The best thing about The Imitation Game is Benedict Cumberbatch’s performance –not that who we see is necessarily what Turning was like, but that the screen persona is believable, intense, monomaniacal and with a few interesting complexities.  Apparently the real Turing, contrary to the film portrait, was in fact quite lively and well knew what a joke was.  Eccentric, yes; autistic, likely not.  He was not only aware of his homosexuality but pursued liaisons all during the time of the enigma project, something we wouldn’t know at all from the movie.  Even one or two shots of furtive encounters, or emotional hope, or loss, around the time he tries to bond with Joan Clark would have added depth to the imitation man.

Keira Knightly always lights up the screen and she does so here, perhaps too much.  It is fascinating that Joan Clark was an actual person, a math prodigy who in fact worked with Turing in a time when women were at best set to listening to, and transcribing Morse code. She was, apparently, not quite the heart-throb portrayed, setting up an obstacle of a different kind.

The sub-plot of an introduced Russian spy in the project seems to really muddy the water.  There was such a spy among the thousands working on the project.  According to Turing’s biographers they never worked together, much less arrived at a modus vivendi about knowing and holding each other’s secrets.  It muddies the history by raising a question that is raised more forcefully as the code is broken and the team realizes that secrets broken do not mean they can be fully operated on.  Too many attacks thwarted will reveal to the Germans the code has been broken.

The realization of this is a dramatic moment in the movie but what flows from it makes little sense.  Turing is shown as the one who grasps the issue and then enforces it, refusing to warn the British navy of an impending attack on a convoy in which the brother of one of his coworkers is a sailor.  Turing and Clark then go to the head of M6, a new war time agency, rather than their actual boss, a navy Admiral.  Together the three decide that extreme care must be taken in the use of German secrets.  Which revealed secrets are to used and which not used is to be worked out using mathematics and statistics, not decided by military boneheads.  My take-away bafflement was this: so geeks and spies were in charge of war time strategy, deciding on their own what to pass on to Eisenhower, Montgomery and Churchill?

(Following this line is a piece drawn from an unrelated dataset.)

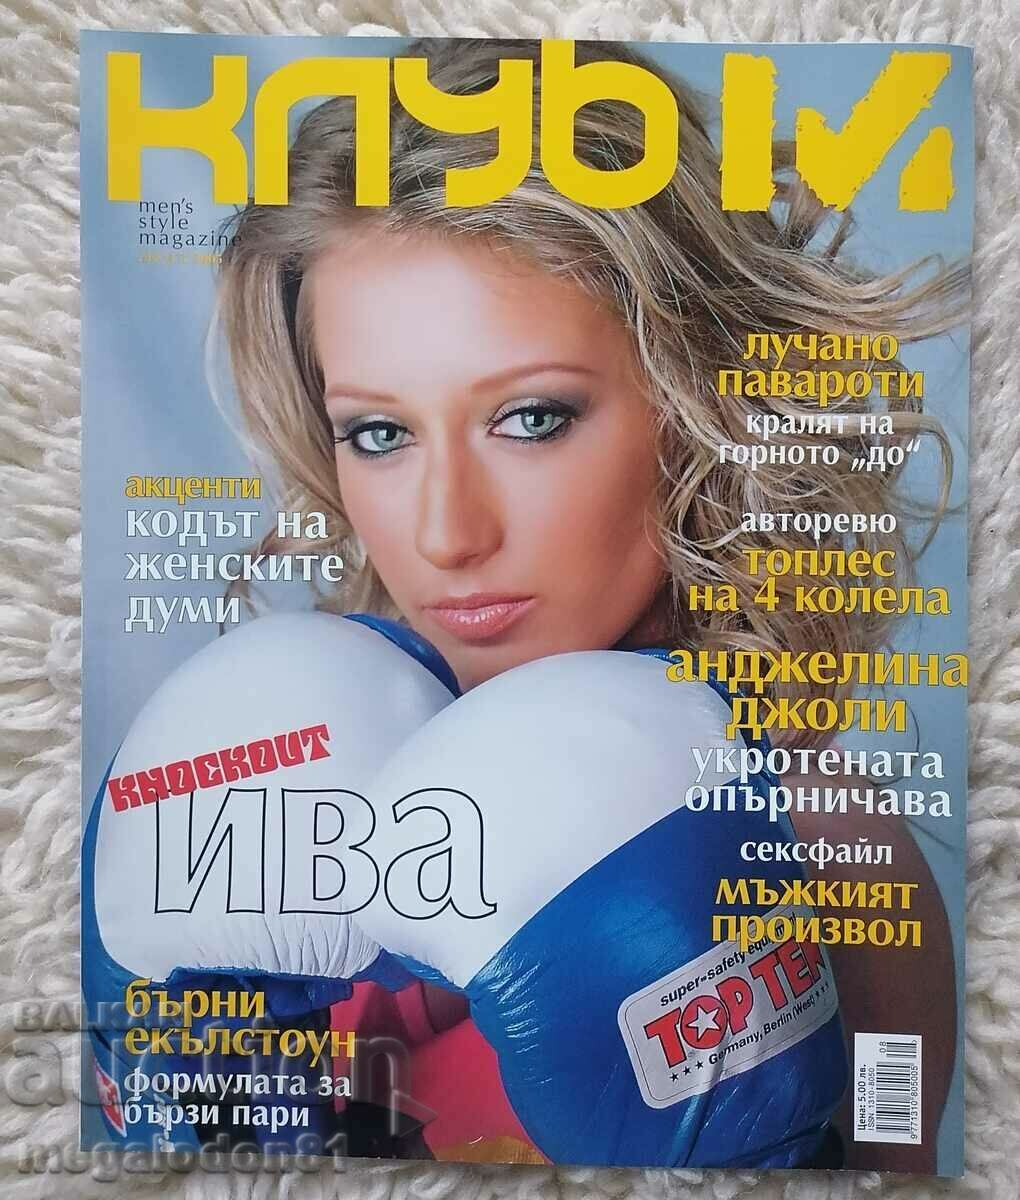 Περιοδικό Club M, Αύγουστος 2005.

It is true that keeping the knowledge of German secrets secret was top priority but in reality a complex system was put in place, involving subterfuge and information siloes and all branches of the armed forces and intelligence services; it was not the job of the code breakers themselves.  Similarly, if as the movie suggested, the Russian spy was intended to leak some, but not all, secrets to Stalin to help his armies defeat the Germans on the Eastern front, how were such leaks to be decided?  Are we meant to assume that somebody was massaging the data the spy — right at the center of the code-breakers– was to pass on?

One of the toughest jobs screen writers and directors have is to come up with filmic shorthand to create the perception of complexity and plausibility.  In this case gaps were left instead of tight, compressed detail.  One of the most puzzling is the oblique reference to apples and cyanide, both of which played an enormous part in Turing’s life.  We wouldn’t know there was a connection at all from the film.  Another is why the Admiral in charge of the race to decrypt is portrayed as such an ignoramus.  In fact, he was a noted cryptographer in his own right.

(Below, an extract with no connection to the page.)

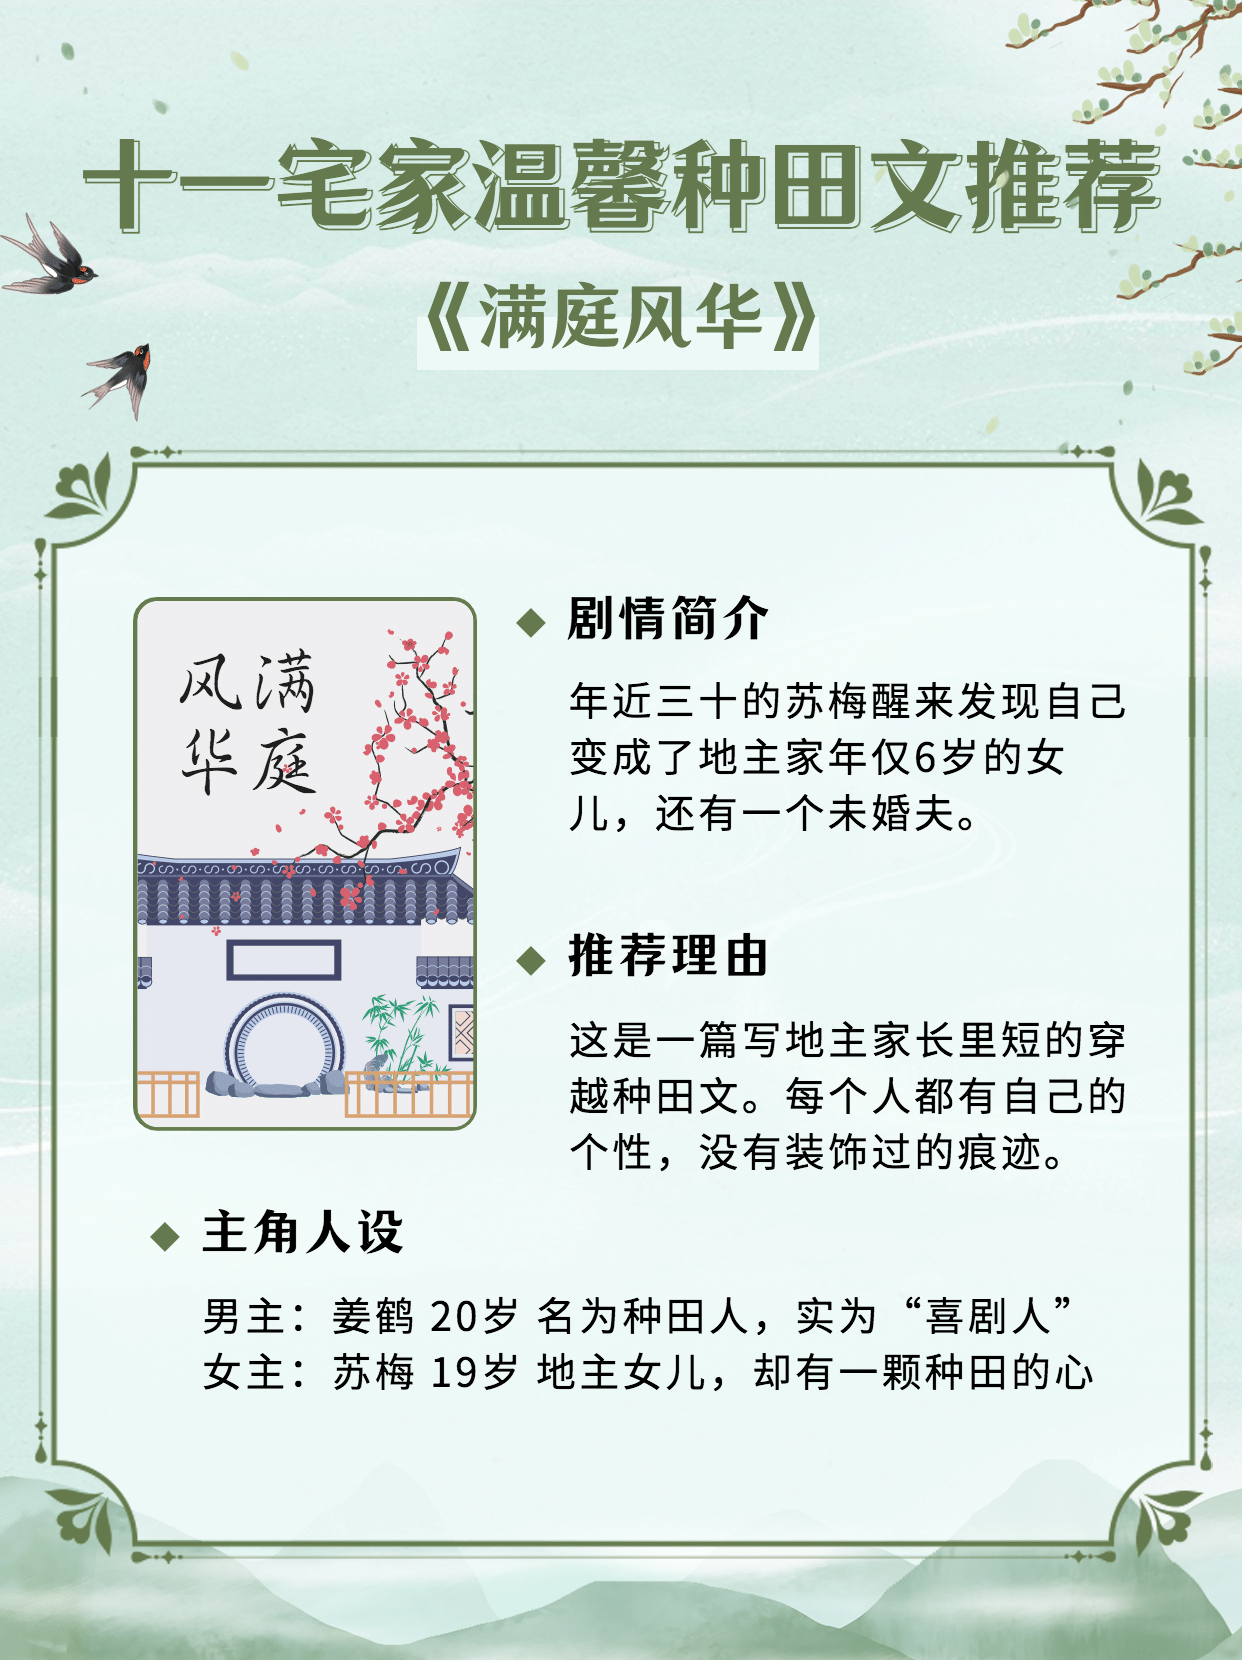 国庆节古风小说推荐小红书封面配图预览效果

The Imitation Game is a well acted, interesting popularization of a war-time story, with enough holes in it so that the boat won’t float.  Besides offering an entertaining evening a good, possible outcome would be to create interest in seeing other movies about Turing, his fellow code-breakers and the dramatic events.  Even better, would be reading some of the many books available here, here, here and here.

One bio-pic documentary available is Codebreaker, (2011.)  Though it uses the lens of acted out sessions between Turing and a psychiatrist, giving more weight to his arrest and turmoil in the final several years of his life than to the code breaking, there are interesting documentary shots of the machines being used, which it turns out The Imitation Game duplicates very well.  Brief interviews with Turing’s colleagues from the Project, now elderly, are interesting, as are those with daughters of the psychiatrist who knew Turing as children. It’s a nice complement, and expansion of the longer movie.

For a 1979 Polish film about the vital part Poles played in breaking the German code try The Enigma Secret by Roman Wionczek.  For a more fictionalized account where, for example, the Russian spy becomes a German spy and a girlfriend goes missing, try Michael Apted’s 2001 Engima,  [The 1983 Enigma with Martin Sheen has nothing to do with the topic at hand.]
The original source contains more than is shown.